We have been in Malatya exactly one week
although in some ways it feels much longer.
After figuring out the basics (how to take the bus, how to say hello and
thank you and other basic Turkish phrases that we still aren’t sure we are
saying correctly) there have been subtle differences and I can’t help but
compare Malatya to other places that I have lived. One of the main things is the mosque. In Indonesia, the mosques went off at 4:00am,
12:00pm, 3:00pm, 6pm, and 7pm, although they would occasionally last for a
whole hour or sometimes longer depending on the day and prerogative of the
emam. In Malatya, they tend to go off an
hour later than the ones in Jakarta (which I am assuming has something to do
with the sun, but my knowledge of Islam is still lacking). Also, due to the colouring of Turks, Joe and
I stand out a lot less than we did in Indonesia, which means no one yells at
us, no one stares at us, and other than our eye colours and the fact that we
don’t speak Turkish, it is hard to differentiate us.
This has been a
bit tricky as we don’t immediately stand out as foreigners, but the store
keepers have been very friendly with our lack of language ability, generally
laughing or smiling and aiding us in whatever way they can to help us get our
point across. We have braved a couple of
cafes, but typically end up ordering donairs or the like because it is the
easiest thing to explain to the staff.
The other main difference (for me) is the amount of people that are out
and about in the streets. They are
packed with people at all hours of day, walking, shopping and enjoying the
fresh air. It is a marvelous change that
allows you to feel more a part of the culture just simply by being in it. Malatya (like everywhere in Turkey) is an old
city, although the city that we are living in has only been around since
1838. Historically the city was a major
producer of opium, although nowadays it is known throughout Turkey for its
apricot production.
Stray
animals howl at night (reminding me of the dogs in Albania) and the roosters
crow not just at dawn, making them considerably more irritating than the mosque
and we look out the window at the yards trying to figure out where they are
situated and if it would be possible to throttle them without the owners
realizing- a feat I doubt we will attempt but is fun to fantasize over
nonetheless. Day to day life moves at a
steady yet enjoyable pace thus far, and although the days can be uncomfortably
hot, the evenings generate a blustering breeze that makes the temperature very
enjoyable. We have yet to meet the
neighbours, but a plethora of children play outside in the evenings, and I am
on smile and nod terms with the produce man downstairs and the lovely woman who
works the beer and wine section of the grocery store: both important people and
I am very pleased with that progress.
In
the apartment we still have things to sort out: the lack of internet is
becoming a real pain in the rear end, as the internet at the school is too
bogged down to successfully Skype or research or merely browse the web, but
hopefully our residency permits will be here soon and we will be able to fix
that. Having successfully navigated the
Turkish washing machine and gotten a kettle, things are getting easier. The school is going to have our area rugs
washed, and I still have to brave cleaning the oven- baby steps. I have only really been cooking breakfast
anyways so I am in no rush.
Food
is delicious and monotonous. If you
don’t like onions, tomatoes or bread you would have big problems in this
city. Fortunately, I enjoy all these
things, but my palate is used to a veritable smorgus board of culinary
delights, and I do not see that being fulfilled in Turkey. Naturally I have taken into consideration
that my Turkish cuisine vocab is still lacking and that a wider option may be
available in a few weeks, but at the moment it is definitely a comparison of
the different types of donairs and whether or not there is too much parsley, or
the bread is too chewy or the likes. I
will have to do some digging in the spice department and see how creative I can
be with onions, tomatoes, cucumber, peppers and eggplant: the total sum of
vegetables I have at my disposal in the shops.

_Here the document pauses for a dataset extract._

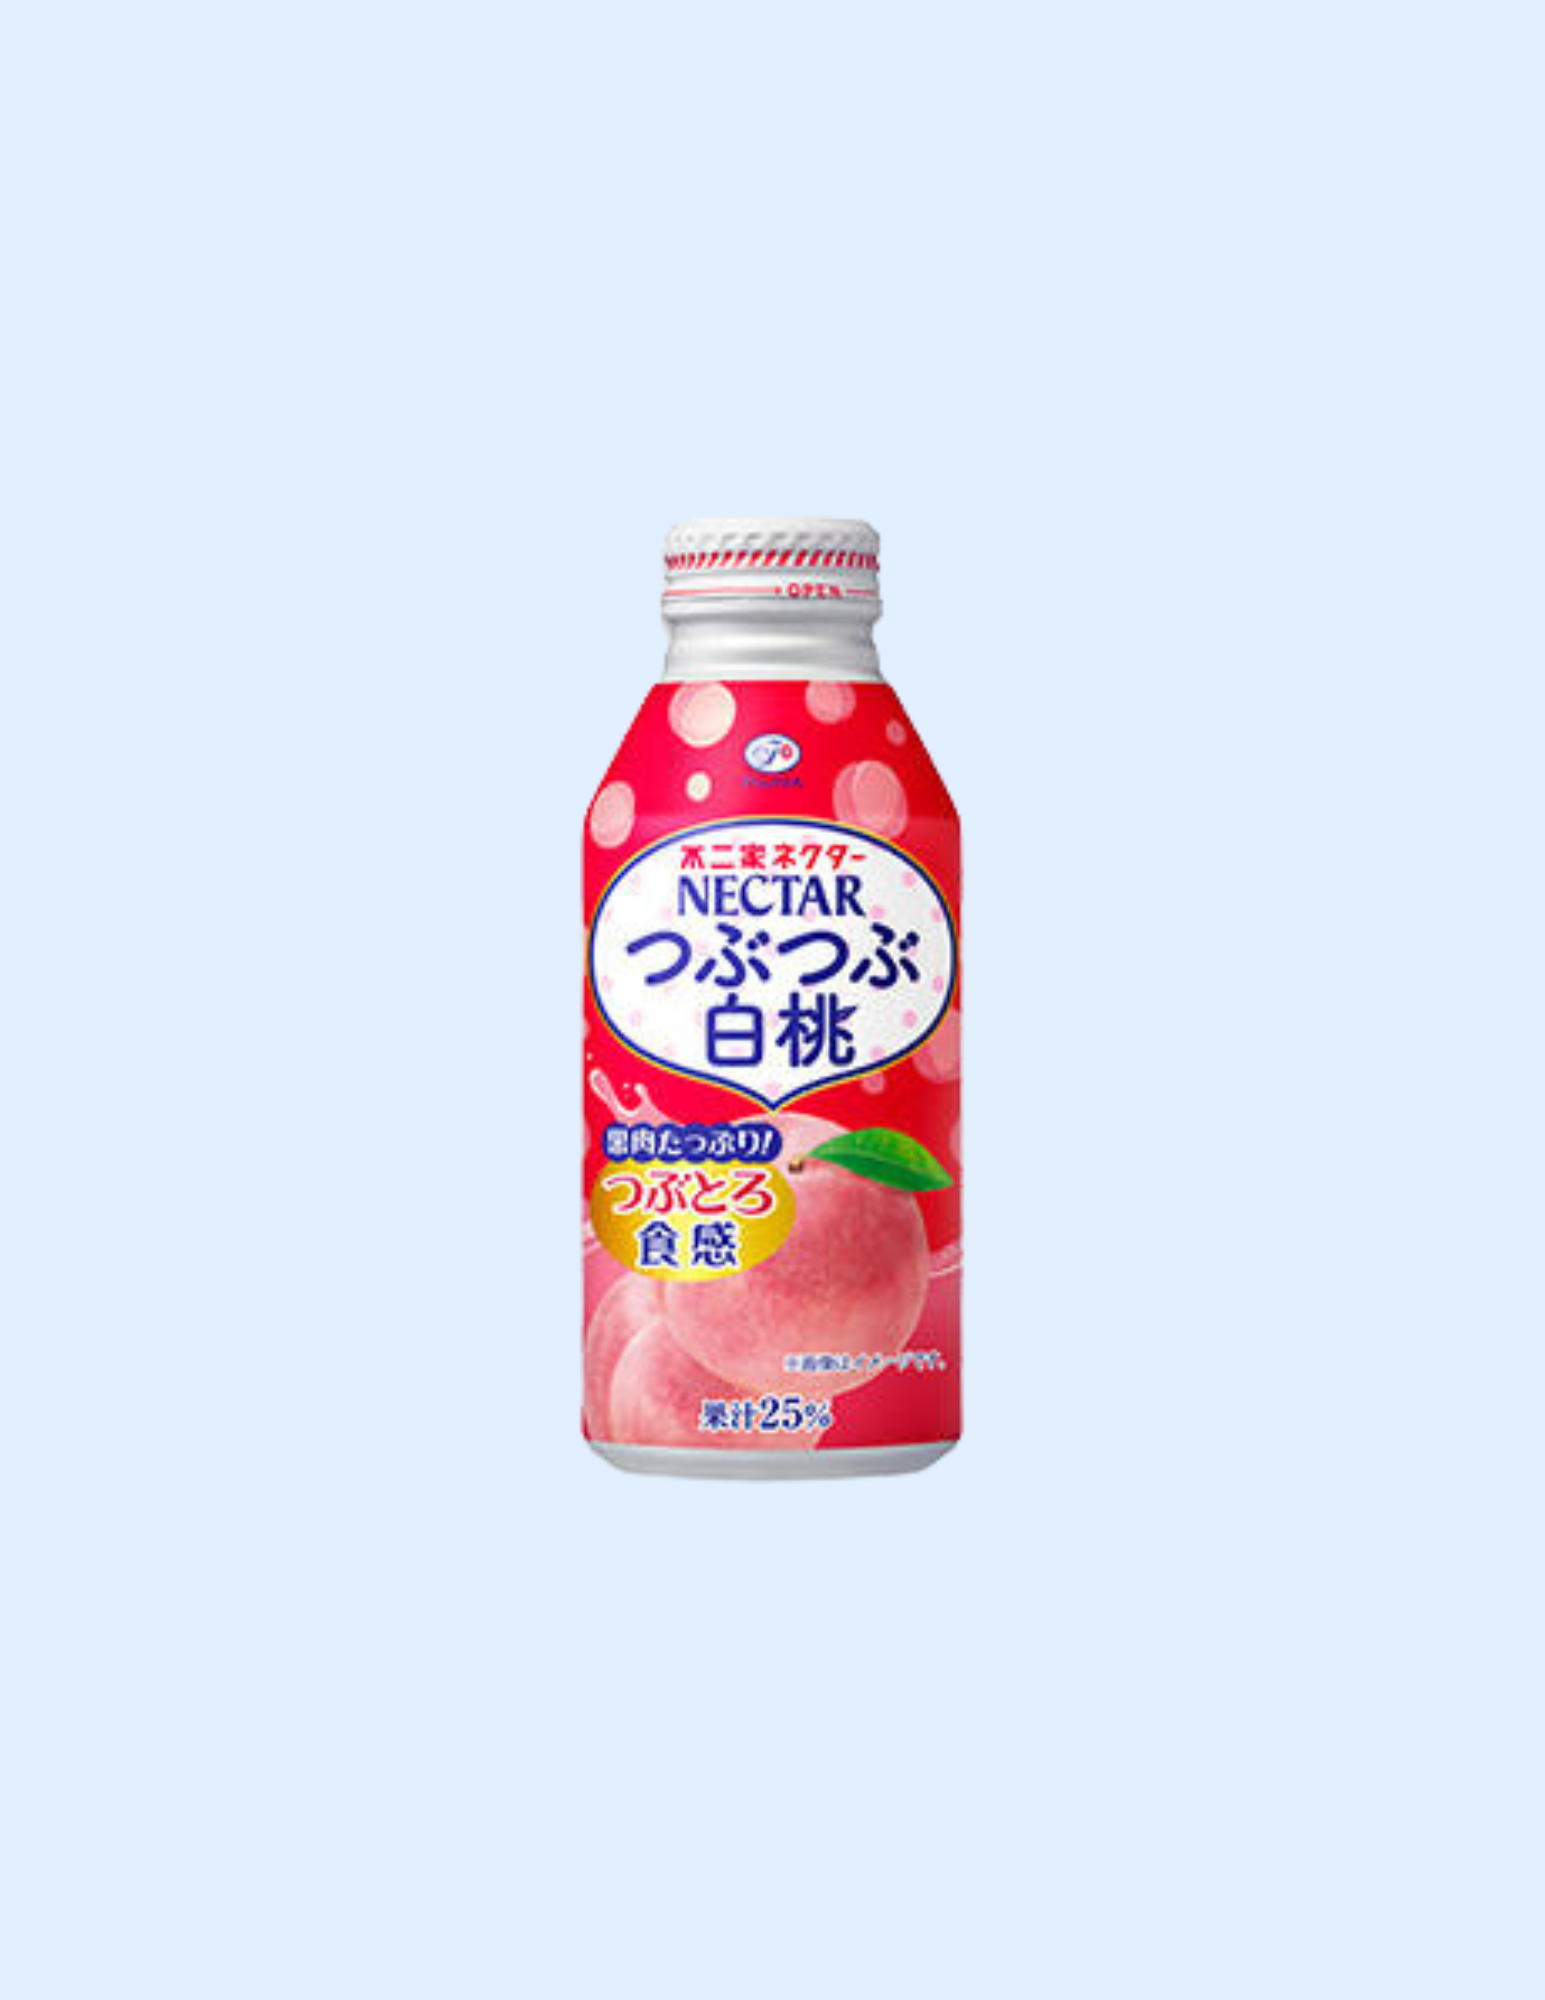 Fujiya Nectar Peach Drink Peach with Pulp

It is a simple life that inspires more creativity than the concrete
jungle of Jakarta and although I foresee some challenges, but the lifestyle that comes with a city of half a million people ıs much quıeter, and although
I have my misgivings about living so far from the city center, the views of the
“outskirts” and the stars and storms allow breath and that is a welcome change.
** I took photos to attach to thıs blog but the lack of workable internet ıs doıng my head ın and the photos wont copy and for the sake of my sanıty you wıll have to waıt. my apologıes.